# Gaming PC für 1000 €



## Michi31E (18. Juli 2017)

*Gaming PC für 1000 €*

Hallo Leute,

kann mir jemand ein gutes Angebot über einen Gaming PC für 1000€ machen?
Und ist es bei dem Preis möglich in 4K zu zocken mit 60 fps - 90 fps?
Ein Mitarbeiter von Mifcom hat mir mitgeteilt, dass man für 1000 € nichts bekommen wird, um mit 4K zu zocken.

VG
Micha


----------



## Schaschlikschmuggler (18. Juli 2017)

Viel besser als das hier wird für 1000 Euro nicht gehen, wenn wir von Komplettrechnern sprechen: 
https://www.dubaro.de/GAMING-PC/Gamer-PC-Ryzen-5-1600-mit-RX580::3304.html
Wenn Du das Budget noch etwas aufstockst, dann wäre der Rechner hier ein gutes Angebot:
https://www.dubaro.de/GAMING-PC/Gamer-PC-Ryzen-7-1700X-mit-GTX1070::3353.html

Der gute Mann hatte übrigens recht, 4k mit 60-90fps kannst Du für 1000 Euro vergessen.


----------



## Michi31E (18. Juli 2017)

4K mit 30 fps aber schon oder? Danke für die Links... Angebot 2 hört sich ja gut an mit der 1070er...


----------



## Schaschlikschmuggler (18. Juli 2017)

Michi31E schrieb:


> 4K mit 30 fps aber schon oder? Danke für die Links... Angebot 2 hört sich ja gut an mit der 1070er...


Das wird vom Spiel und von den maximalen Details abhängen. Um einen PcGames Bericht mal zu zitieren:

"bei maximalen Details reicht selbst eine Nvidia GTX 1080 nicht für 4K aus, wenn es sich um mehr oder weniger aktuelle Spiele wie Fallout 4, GTA V, Rise of the Tomb Raider oder The Witcher 3 handelt. Hier sind im Durchschnitt maximal 35 FPS zu erwarten."

Und eine 1070 ist deutlich langsamer als eine 1080.


----------



## Michi31E (18. Juli 2017)

Mir ging es um die genannten Spiele. Vor allem bei Rise of the Tomb Raider dachte ich, dass es möglich sei, weil das Spiel schon wieder 1 Jahr alt ist.


----------



## Herbboy (18. Juli 2017)

Also, falls Du vorhast, nen 4K-Monitor zu holen: lass das und hol lieber stattdessen einen besseren PC und spiel in FUll-HD. Da hast du mehr von. 4K ist ein Hype-Thema - du brauchst dann aber irre Rechenpower, damit es sogar in 60FPS+ geht. Du musst bedenken: die Games sind alle auf Full-HD ausgelegt, d.h. "Ultra" läuft in Full-HD auf einem GUTEN PC mit 60 FPS. Auf nem High-End-PC vielleicht mit 80 FPS - in 4K aber hast Du nur noch ca 35-45% der FPS, also bei 90 FPS in Full-HD kannst du in 4K mit nur noch 30-40 FPS rechnen. 
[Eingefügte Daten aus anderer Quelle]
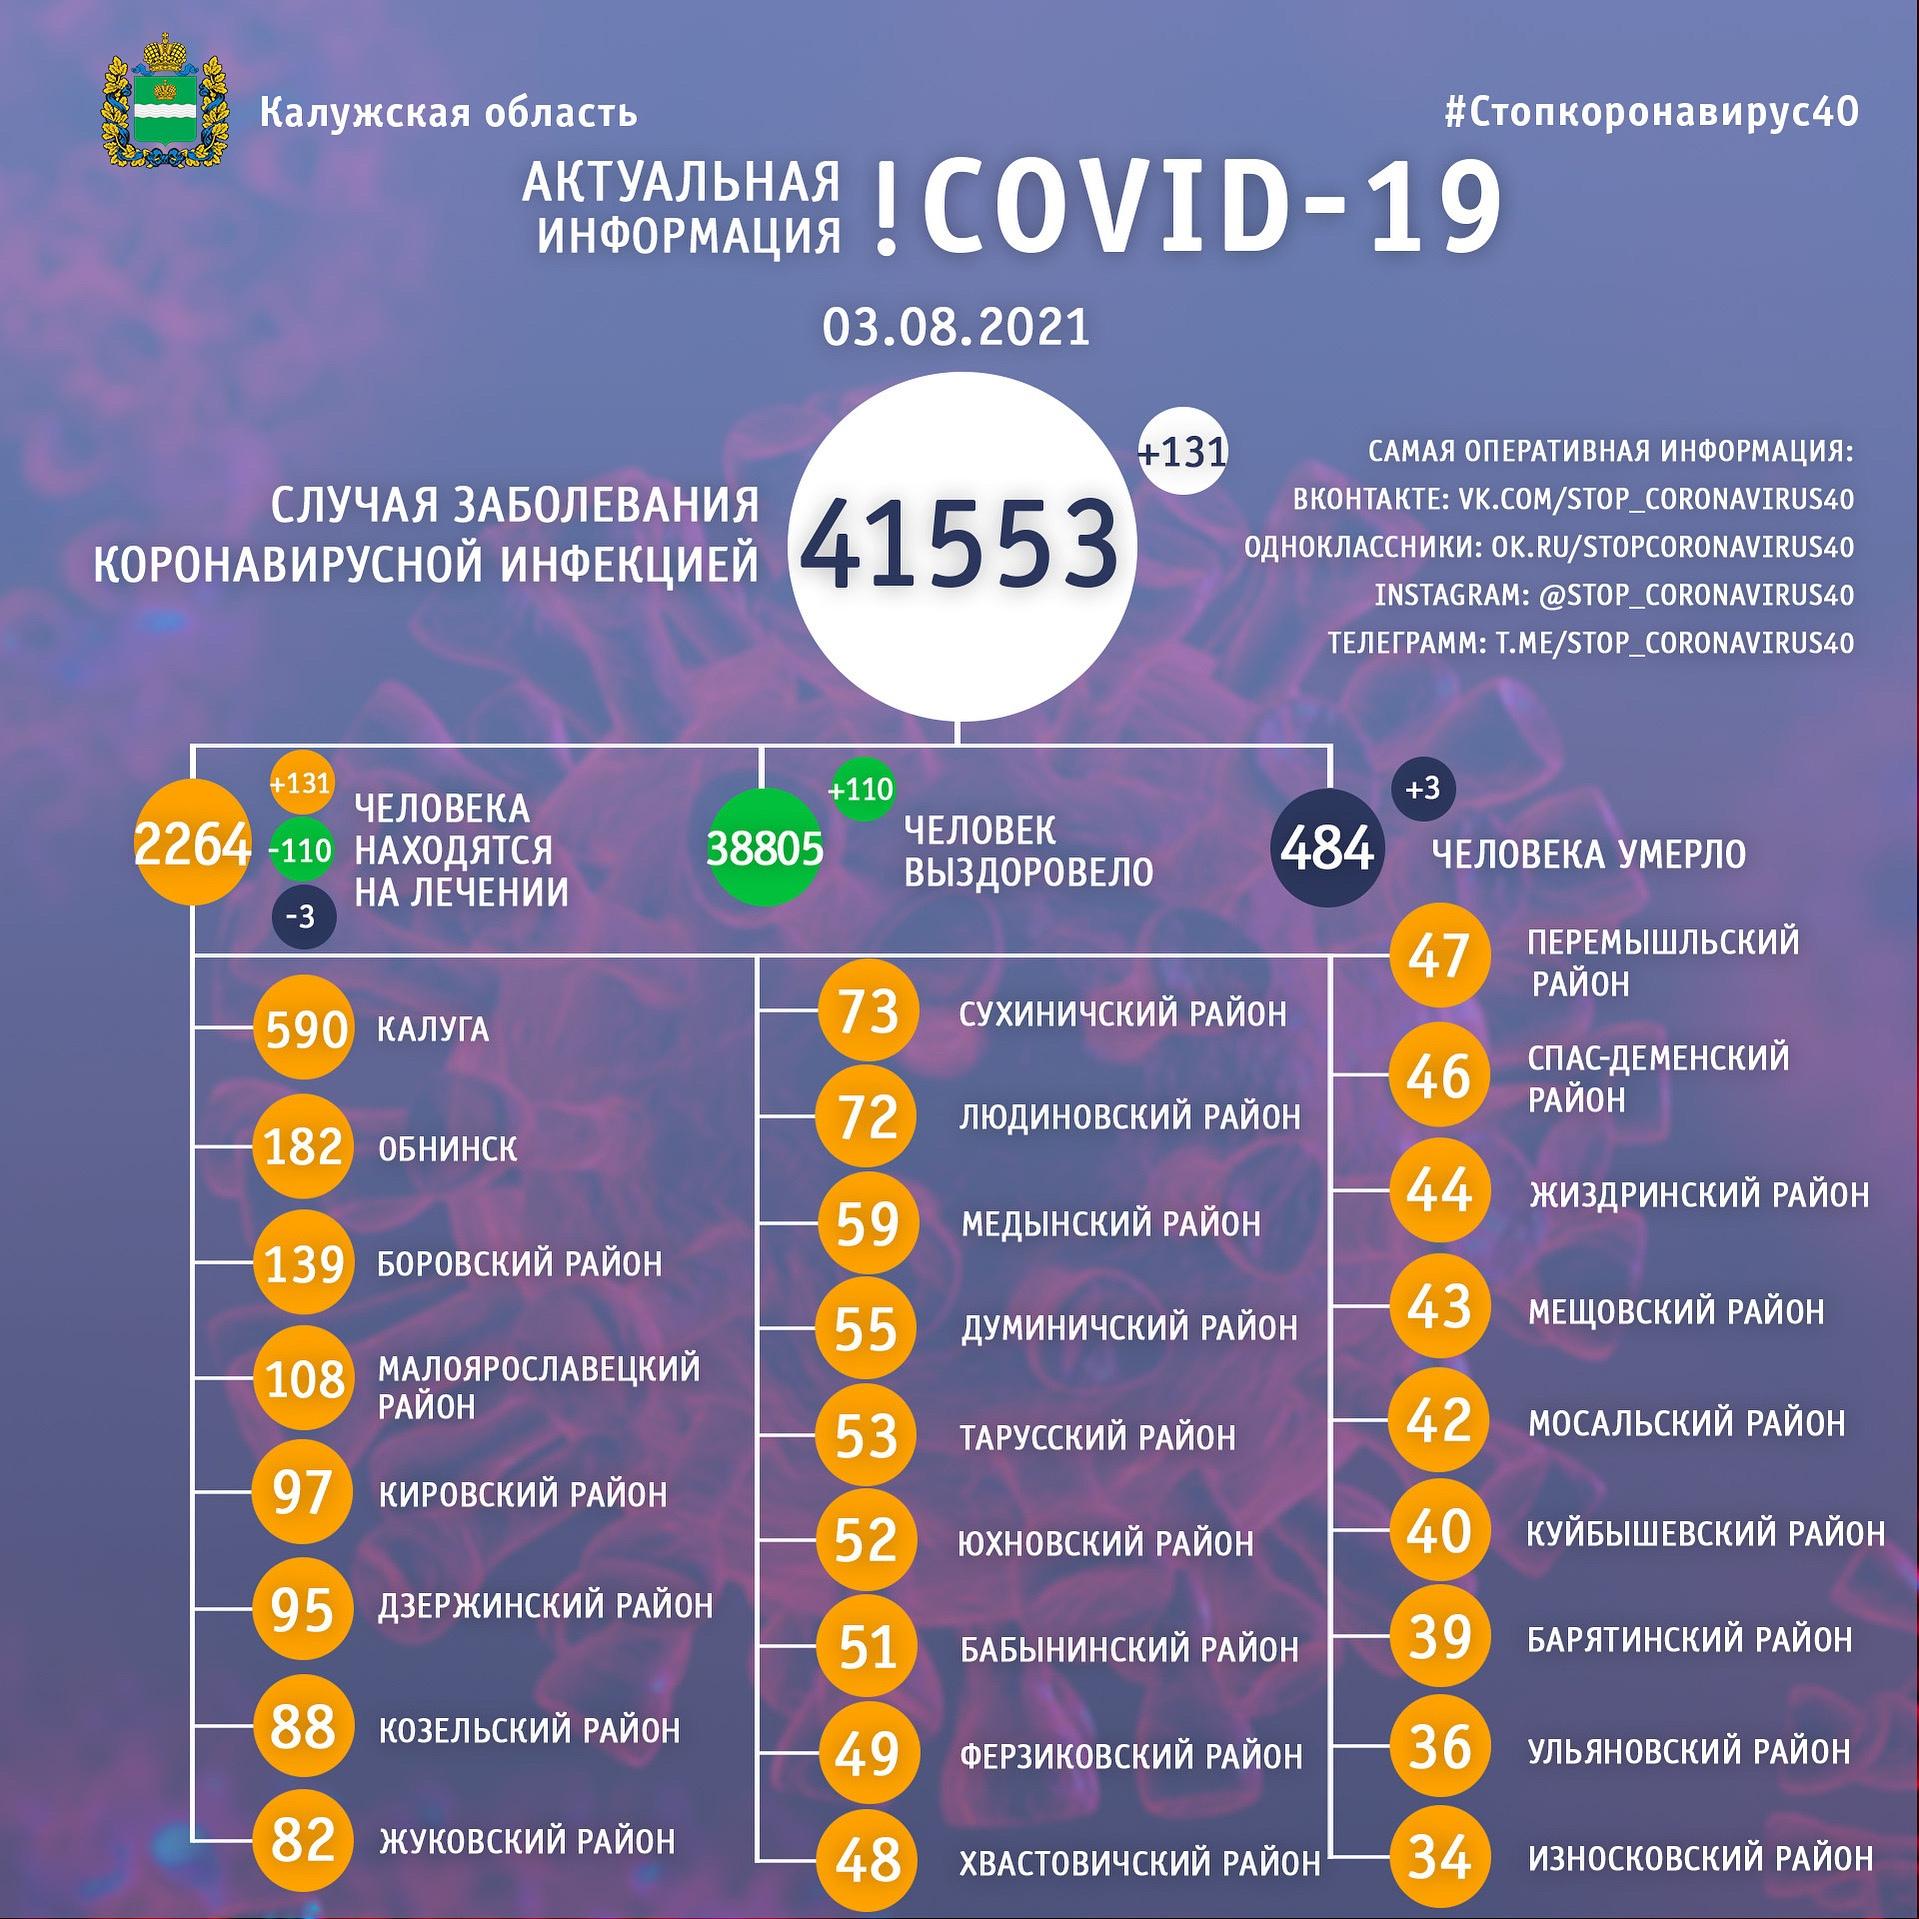 Официальная статистика по коронавирусу в Калужской области на 3 августа 2021 года.

Meine Meinung: lieber Full-HD, viele FPS und Ultra-Details als 4K, aber dafür dann mittlere Details und nur 40 FPS.

Selbst mit 1500€ kommst du für 4K in 60 FPS nicht aus, wenn es um aktuellere Games und hohe Details geht. Nur mal zur Verdeutlichung die Werte einer Nvidia GTX 1080, die allein schon 580€ aufwärts kostet: https://www.ht4u.net/reviews/2016/nvidia_pascal-architektur_geforce_gtx1060_gtx1070_und_gtx1080_im_test/index21.php  da wurden viele Games getestet, als Beispiele:

Witcher 3 in Full HD 83 FPS, in 4K nur 36 FPS.
GTA V in Full HD 56 FPS, in 4K nur 31 FPS
Call of Duty Black OPs III in Full HD 79 FPS, in 4K nur 27 FPS
Rise of the Tombraider   Full-HD 68 FPS, in 4K 34 FPS. 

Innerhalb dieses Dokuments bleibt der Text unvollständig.